As a freelancer, I’ve spent three years (so far) learning how to deal with lots of different clients. I hope that these tips will help you get the most out of the relationship. If you work with freelancers, you might find this article useful, too.

1. Communicate

This is the top tip, and comes into many of the other sections. Be clear about what you do, how much it costs, and when you can do it. Communicate the way in which you work to your client up front. Keep on top of the project and let them know how it’s going. Tell them what to expect, then fulfil that expectation and communicate that you have done so.

2. Manage expectations

It’s always best, in my opinion, to promise low and deliver high. I always add a little time when I’m offering a deadline, and almost always exceed expectations that way. If you are going to miss a deadline, let the client know – this only usually happens when it’s the client who sets the deadline. I’ve only missed one deadline, by half an hour – but there was good reason for it, and I let my client know in advance.

If you’re undertaking a project for someone and they’ve not used a freelancer before, explain the process and what they can expect from it. If you need to tell clients about your terms and conditions, send those along with your initial quotation. If an urgent job will cost more, tell the client in advance.

If you can’t offer the service you would want to offer, a “no” said honestly and in good faith is better than a “yes” that isn’t meant. Your client will respect you more for it.

3. Keep to deadlines

If you promise to return a piece of work to a client by a particular date and time, do your utmost to do this. Work all night if you have set an unrealistic deadline (and learn from that!). When I started freelancing, I found that freelancers have a very bad reputation around this issue. Ignoring deadlines makes you look arrogant at best, incompetent at worst. It’s not hard to plan ahead, and it’s not hard to say no (eventually).
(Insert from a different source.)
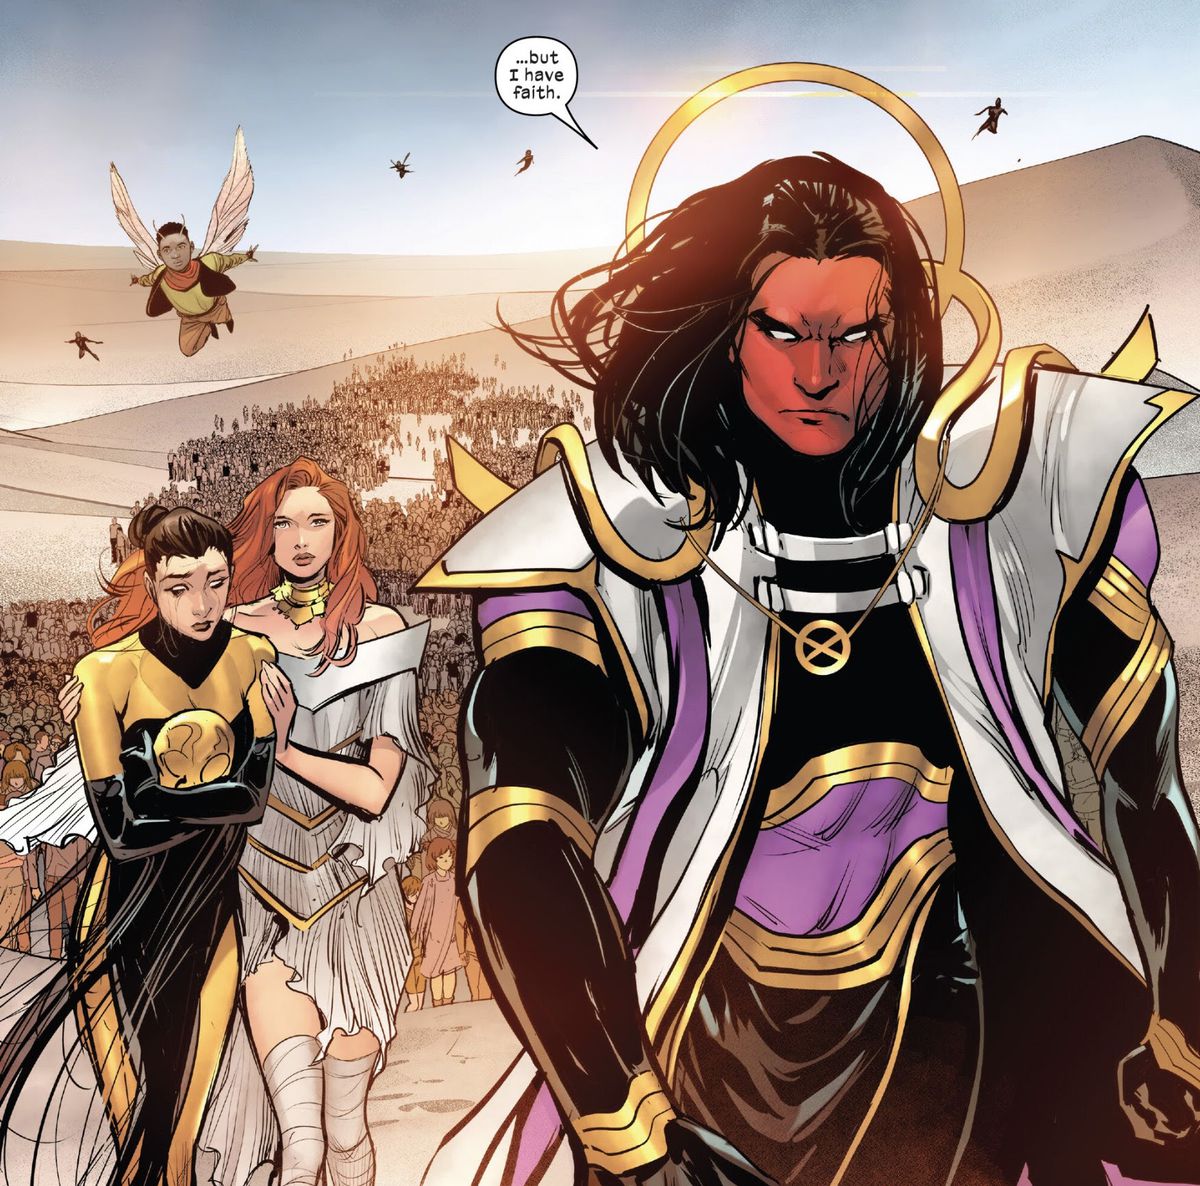 “I have faith,” Exodus says to Hope and Destiny, as they lead thousands of mutants across a vast desert in Immortal X-Men #14 (2023).

This also applies to invoicing. If I’ve arranged to invoice the client directly after finishing the work, I do so. If they are on a monthly invoice in arrears, they are sent their invoice at the end of the month. If this is a bit much, it’s something you can easily automate or outsource.

4. Treat your client as a human being

Even if your client is a huge faceless entity, you will be dealing with a person at that client. Remember that they’re a human being, with other concerns than you and the project you’re both working on. They may be trapped between you and their own boss or client (I work for several freelance journalists and translation agencies, for example) and may have other pressures. If they’re a student or a new member of staff, they may be unsure as to how to work with you!

5. Inform your client about your availability

If you’ve got a holiday booked, you don’t work on weekends, or you stop at 9pm at latest, let your clients know. When I book a holiday, I send an email to my main regular clients a few months before, remind the biggest ones a month before, put a note in my signature then set up an auto reply on my email. Out of courtesy, I do communicate with them by email when I’m away, but only to remind them I am away!

6. Have backup

For my major clients, I have colleagues who do the same line of work as me and can pick up work if I’m unwell or on holiday, or very busy with a pre-booked job. I also have a list of people I can refer clients on to if I can’t book them in myself.

7. Respect your clients

Professionally and personally. You’re the expert in what you do, but they’re the expert in what they do. Treat them as you would expect them to treat you. Be as robust as you need to be, but always be courteous.

If you feel the need to let off steam about a tricky client or project, please do it privately! I have a private group of fellow editors who I can ask questions and share good and bad days – and sometimes people do make us a bit cross, but just don’t broadcast this in public. It’s not very professional, and it can reflect on you very badly.

You may have specific points with this according to the industry you’re in. I personally avoid pointing out horrible grammar and spelling mistakes on signs and menus in public. Amusing as I find these, a lot of my clients are using English as a second or third language, have issues with their English skills, or are just not very confident, and the last thing I would want to do would be to be seen to be mocking less-than-perfect English.

8. Work with your client’s working methods

You have to be flexible if you’re going to be good at freelancing for different clients. They all have different requirements and ways of working, and my reaction to this can go from noting which transcription clients need a time stamp every 5 minutes and which need it every 10 minutes, to communicating via email, the phone or a face-to-face meeting, whatever the client prefers.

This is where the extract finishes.